# Self employment / Business / Papers



## Rico16 (Feb 4, 2013)

Good morning ALL!

I am looking to move to a place in the sun  as the TV show always suggests and I have been looking @Portugal as well. 

I am running my own small online business and I would like to ask you if it is easy to set up a self employment activity in Portugal or not, I have read some previous threads here and it all looks a bit complicated.

Do I need to show a minimum income for my activity in order to support myself or can I just have an estimation of my final income? Do I need a fiscal code as well?

Another idea would be to keep my business in Ireland and live in Portugal, can I do that with the NHR scheme?

Thank you very much for all your help, cheers
Rico


----------



## andromi (Sep 3, 2014)

Everyone seems to focus on the NHR scheme when considering Portugal as a destination but consider that for the employed/self-employed you must still pay social security which is not an insignificant sum compared to places like the UK or Ireland.

Granted an income tax rate of 20% (23.5% with surcharge) is better than marginal rates of up to 48% but add on social security (29.5% for the self-employed) and you should make a careful comparison before making a decision.

--- end of sermon ---

To answer your question, setting up as self-employed is easy. You need a fiscal number to do it. Once you have that, go to any Finanças and ask to register your activity.
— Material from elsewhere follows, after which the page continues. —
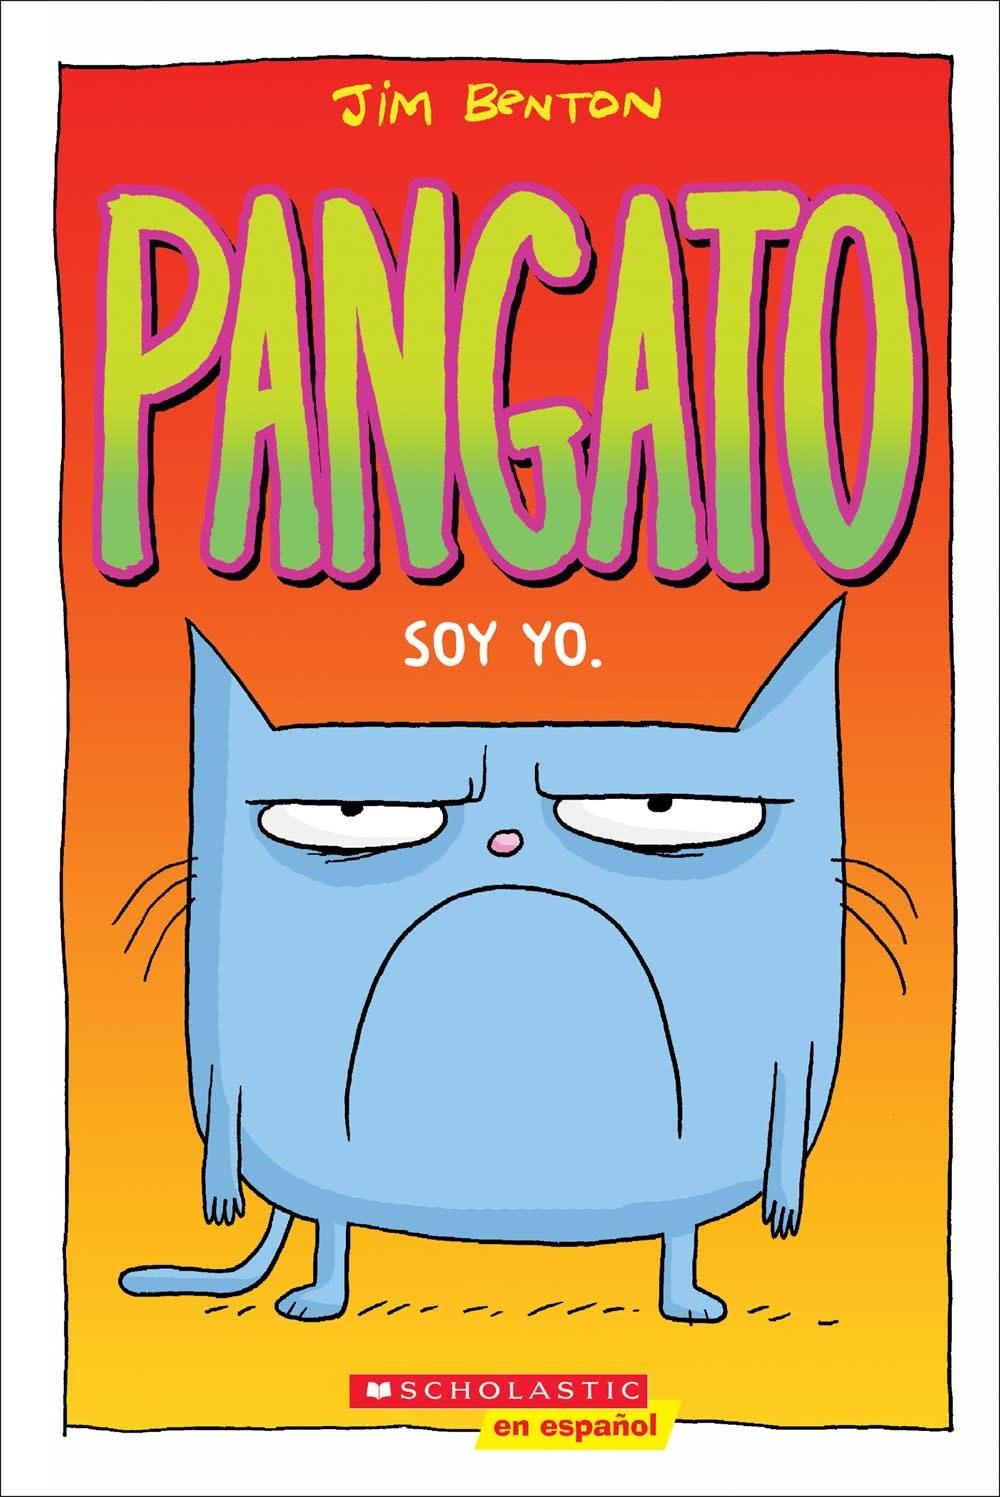 Scholastic en Espanol Catwad 01 It's Me. / Pangato 01 Soy yo. (Spanish)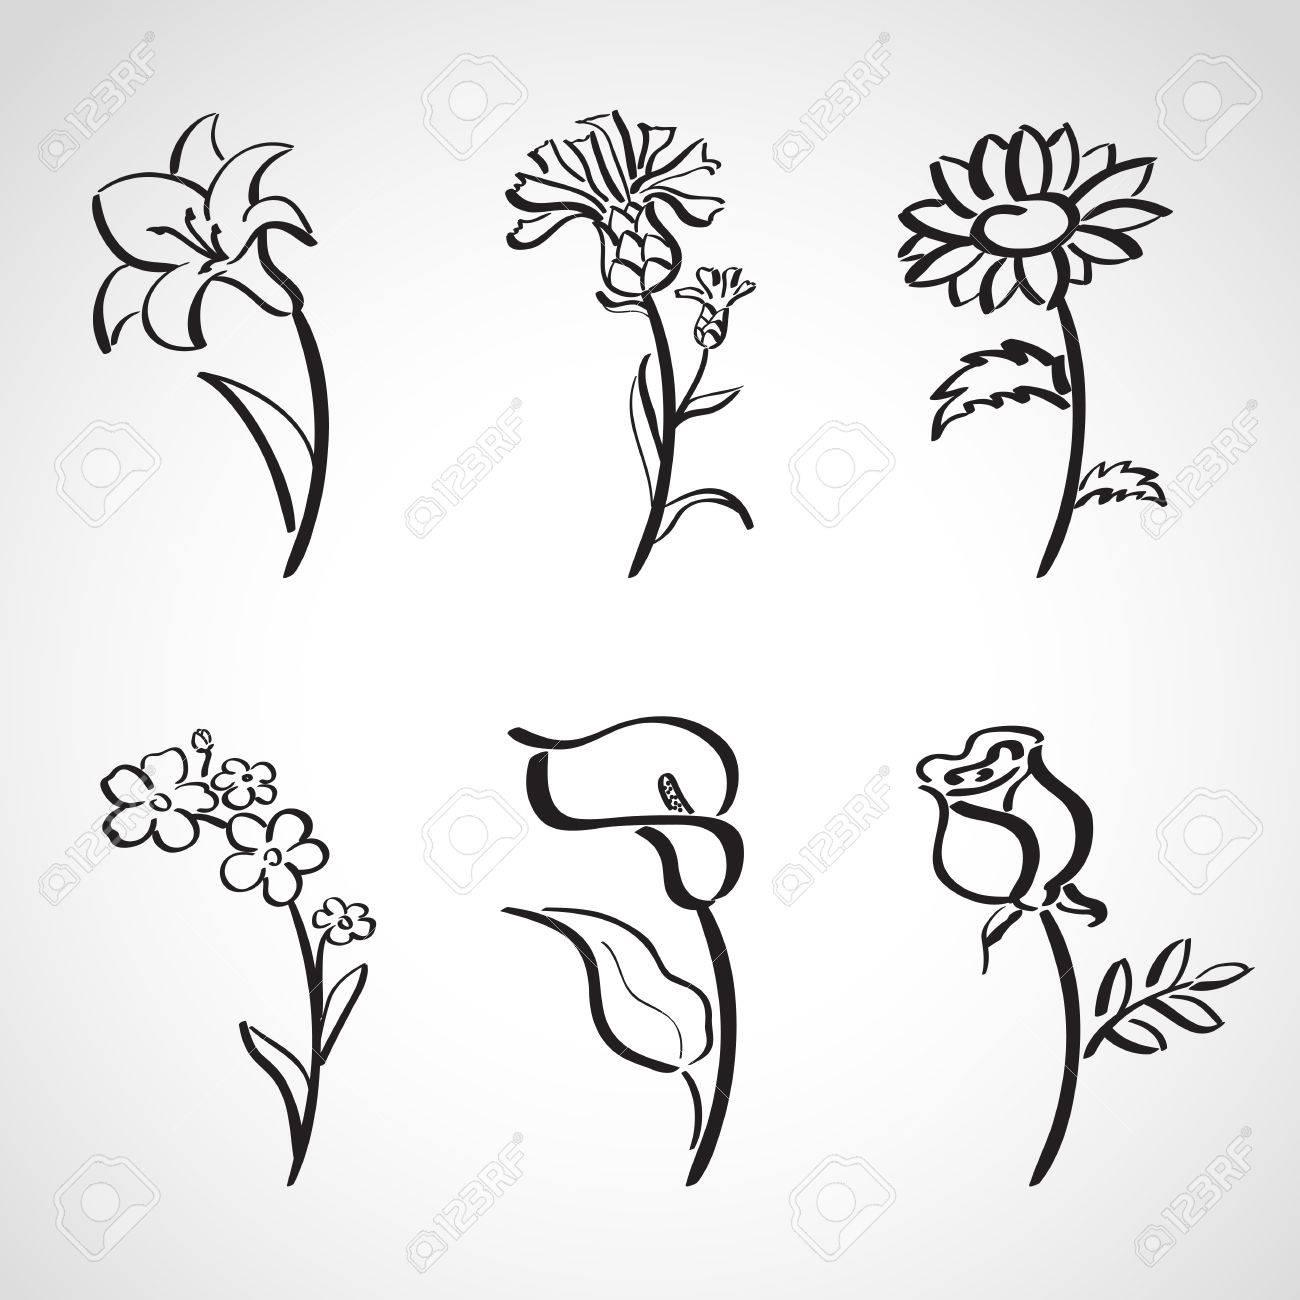 Ink style hand drawn sketch set - summer flowers - 23869043

Give them an estimate of your first year turnover (doesn't matter too much as long as the figure is not totally out), choose an accounting regime (simplified or normal regime), purchase workers insurance (a legal requirement) and you're off.

They'll give you a form to complete with all the details or you can download it from the finanças website and do the translation/completion before going to register.


----------